(GIVEN RECORDS):
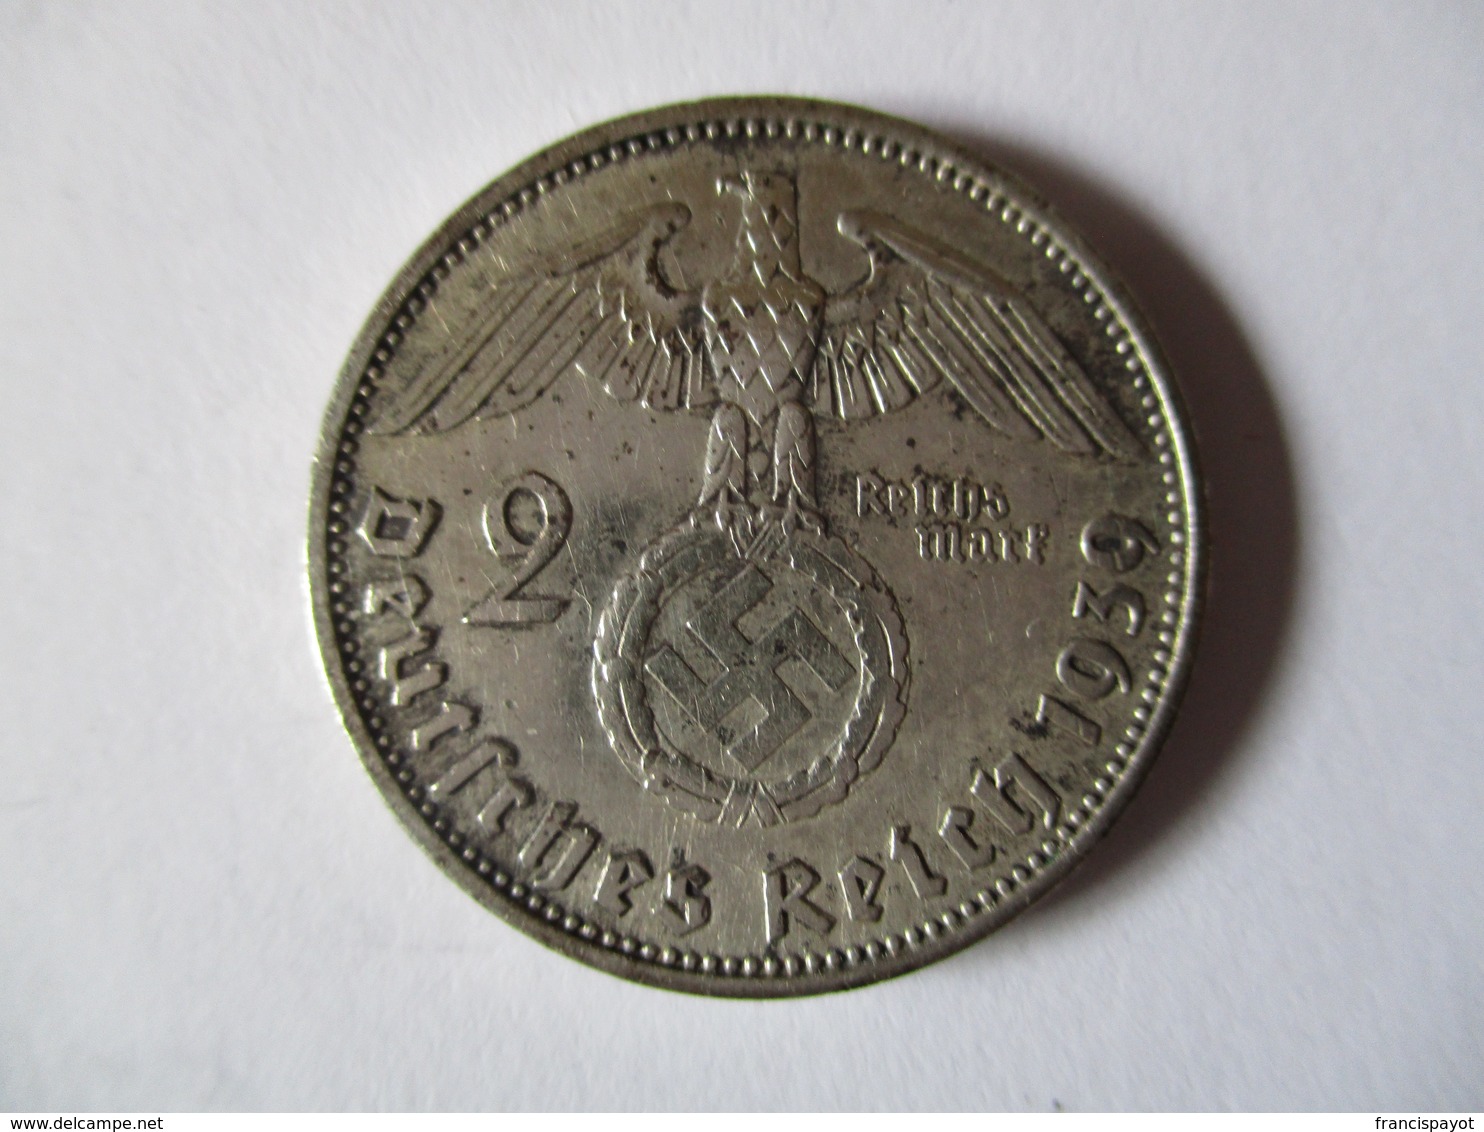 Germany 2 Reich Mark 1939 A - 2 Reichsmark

--

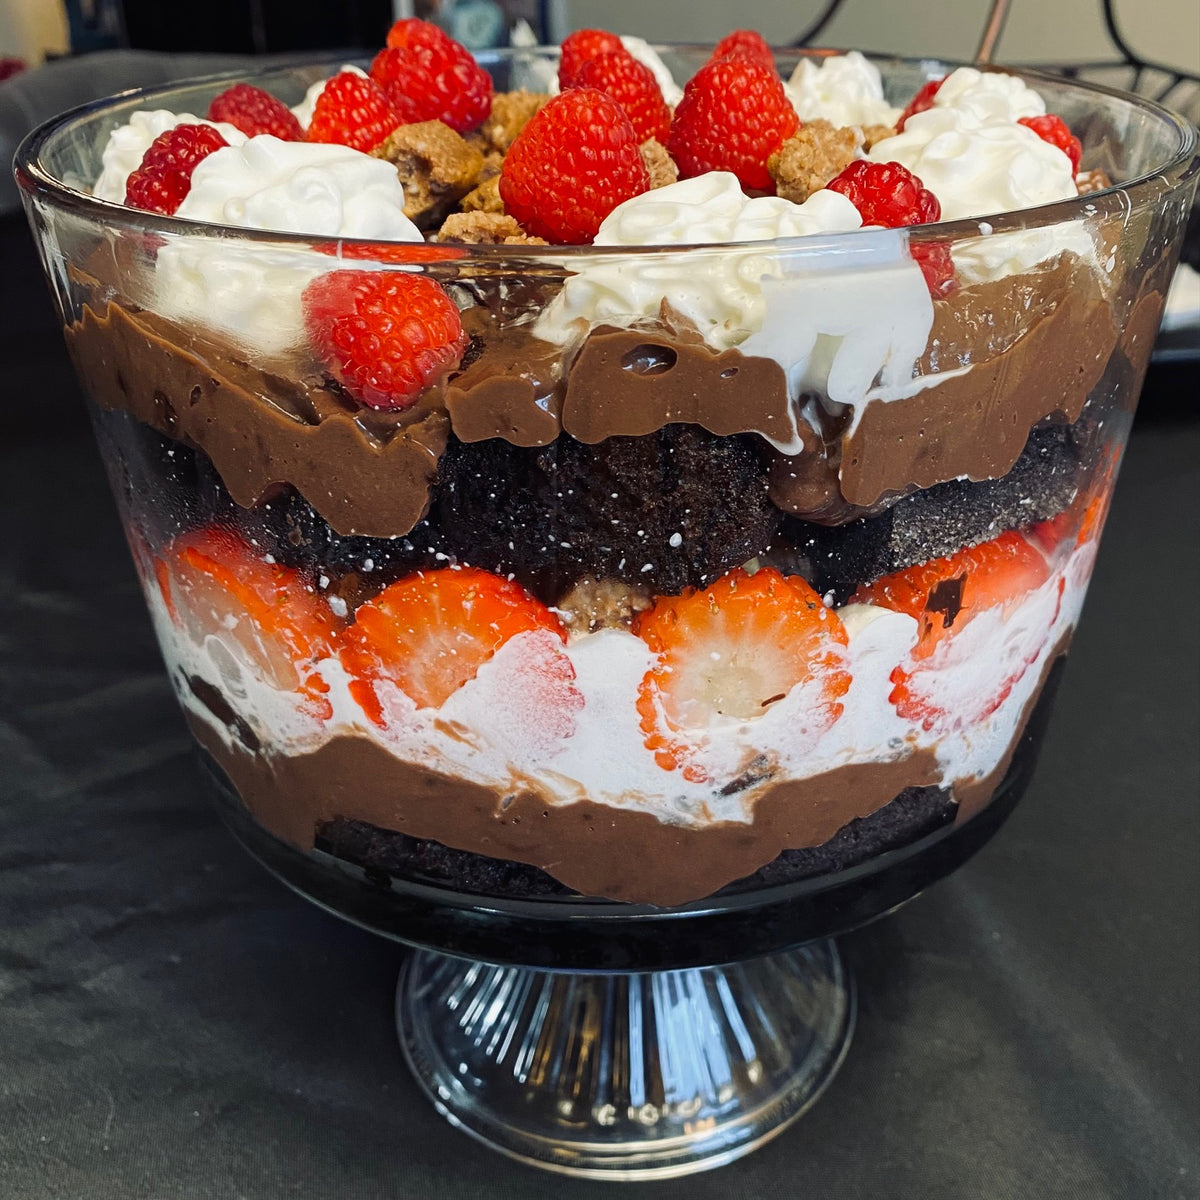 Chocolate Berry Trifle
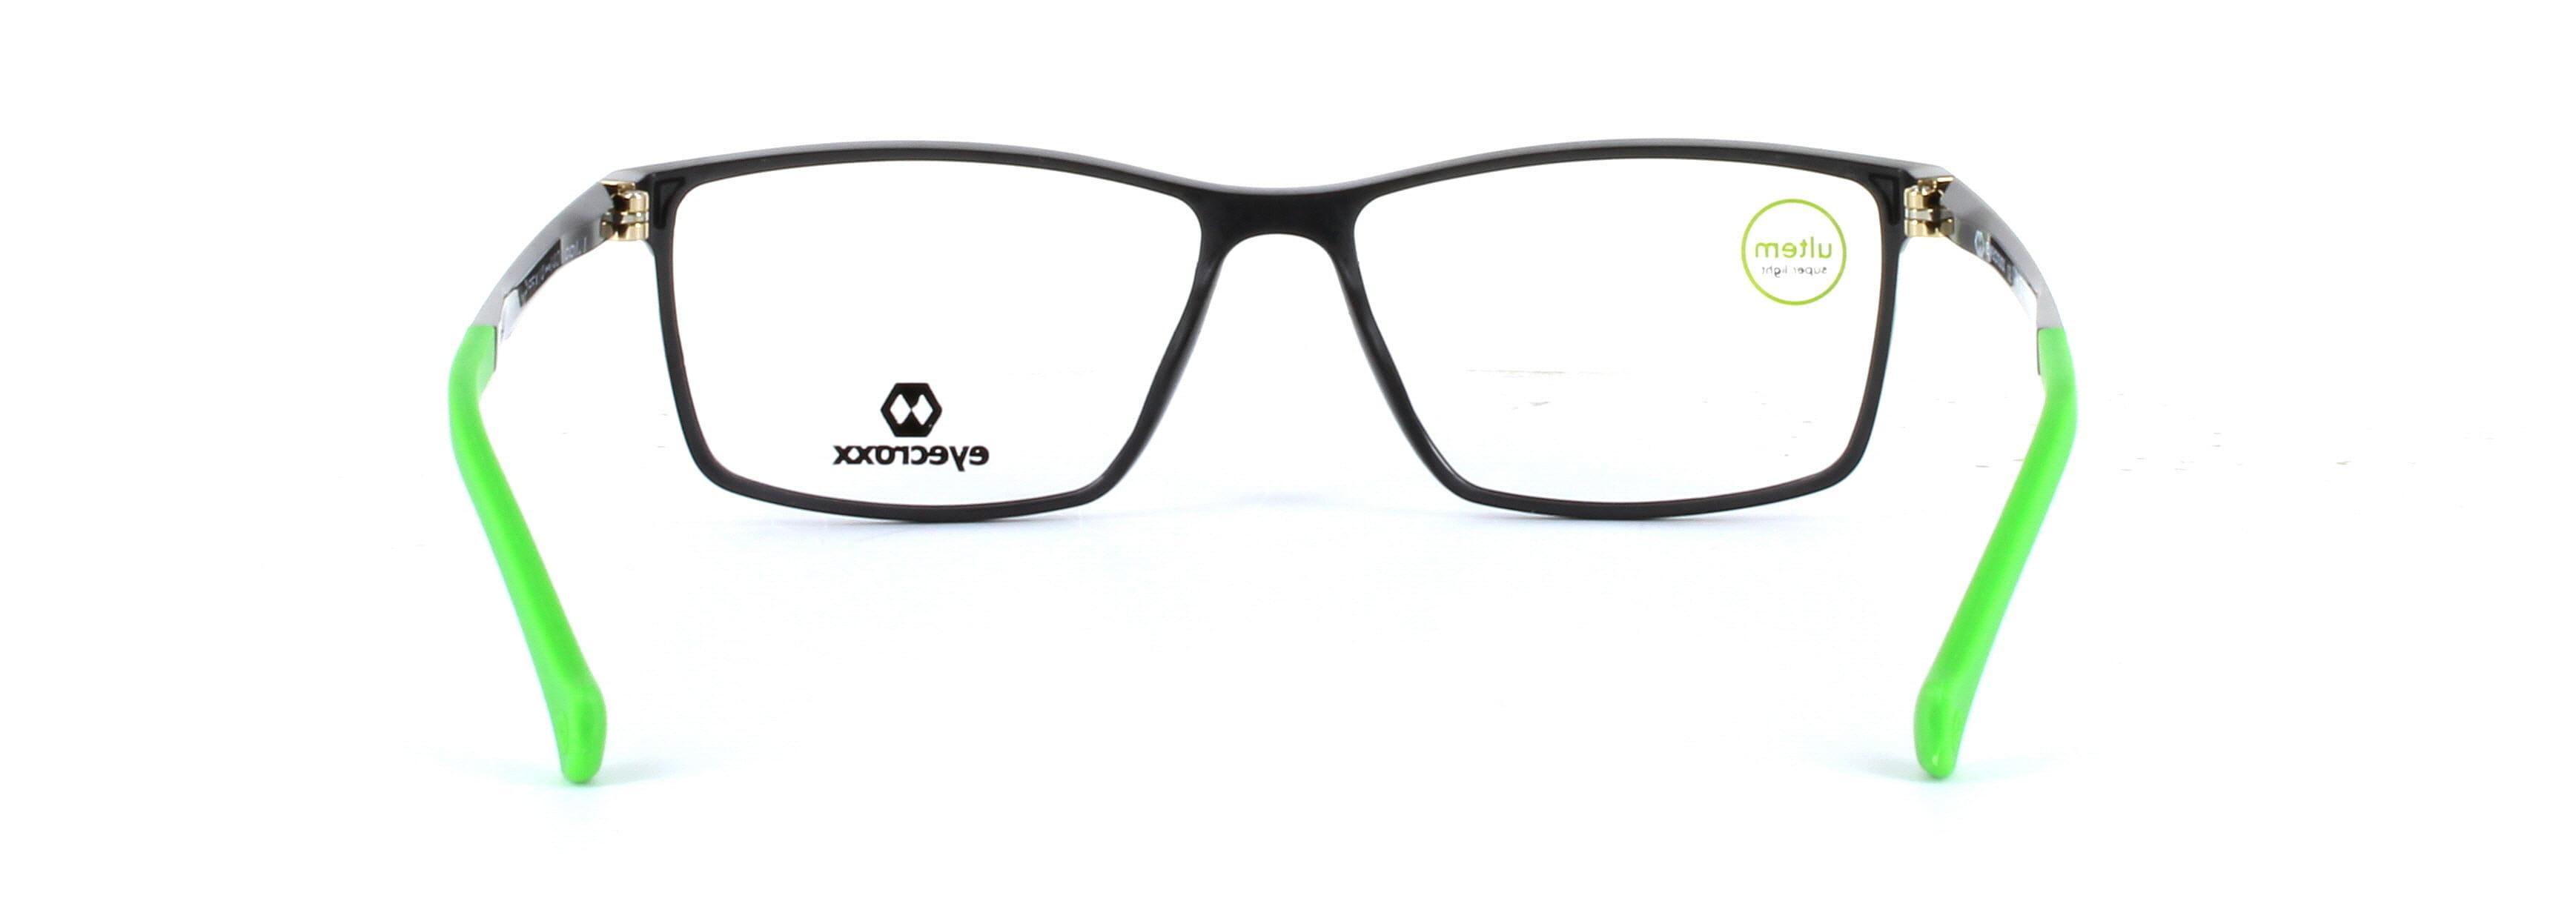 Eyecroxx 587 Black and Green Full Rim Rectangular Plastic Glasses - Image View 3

* * *

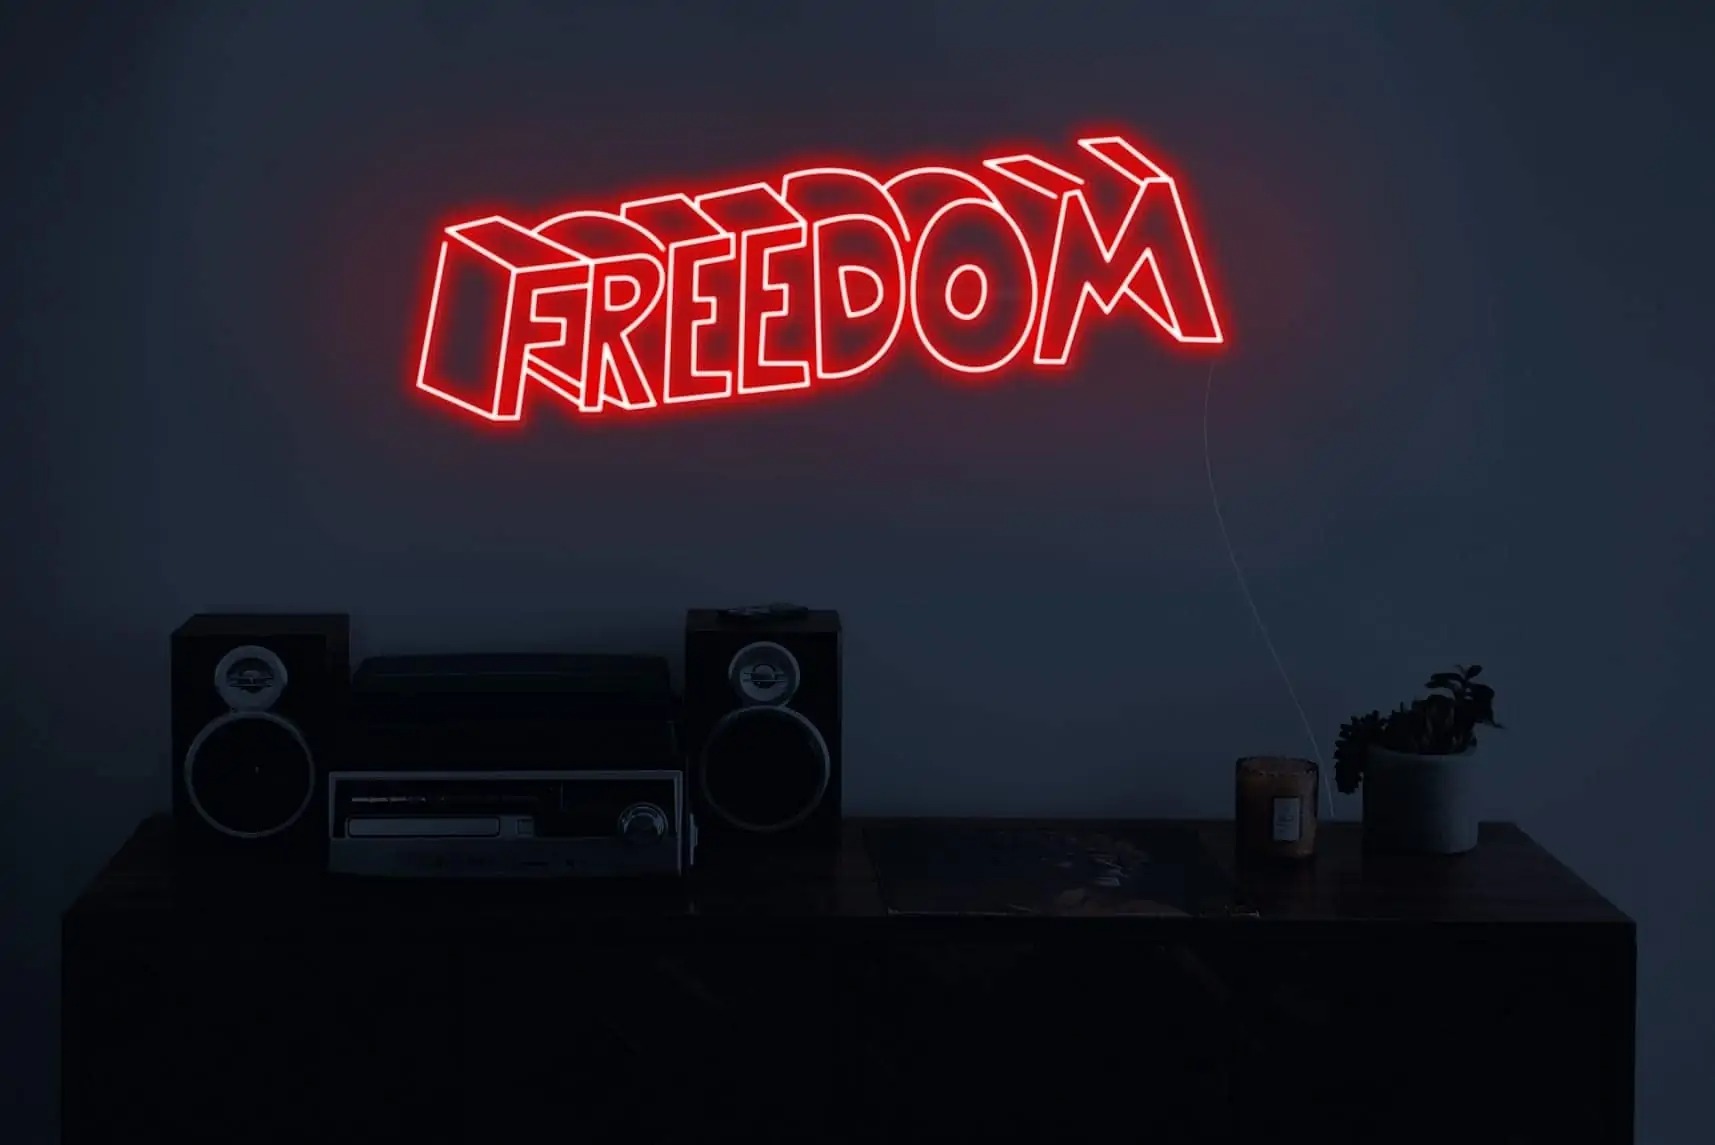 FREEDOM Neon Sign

(PROBLEM DESCRIPTION):
In the listing above, find the line containing "Chocolate Berry Trifle" and the line containing "Eyecroxx 587 Black", then output those two lines and everything between them exactly as written, without the images.

(OUTPUT):
 Chocolate Berry Trifle
 Eyecroxx 587 Black and Green Full Rim Rectangular Plastic Glasses - Image View 3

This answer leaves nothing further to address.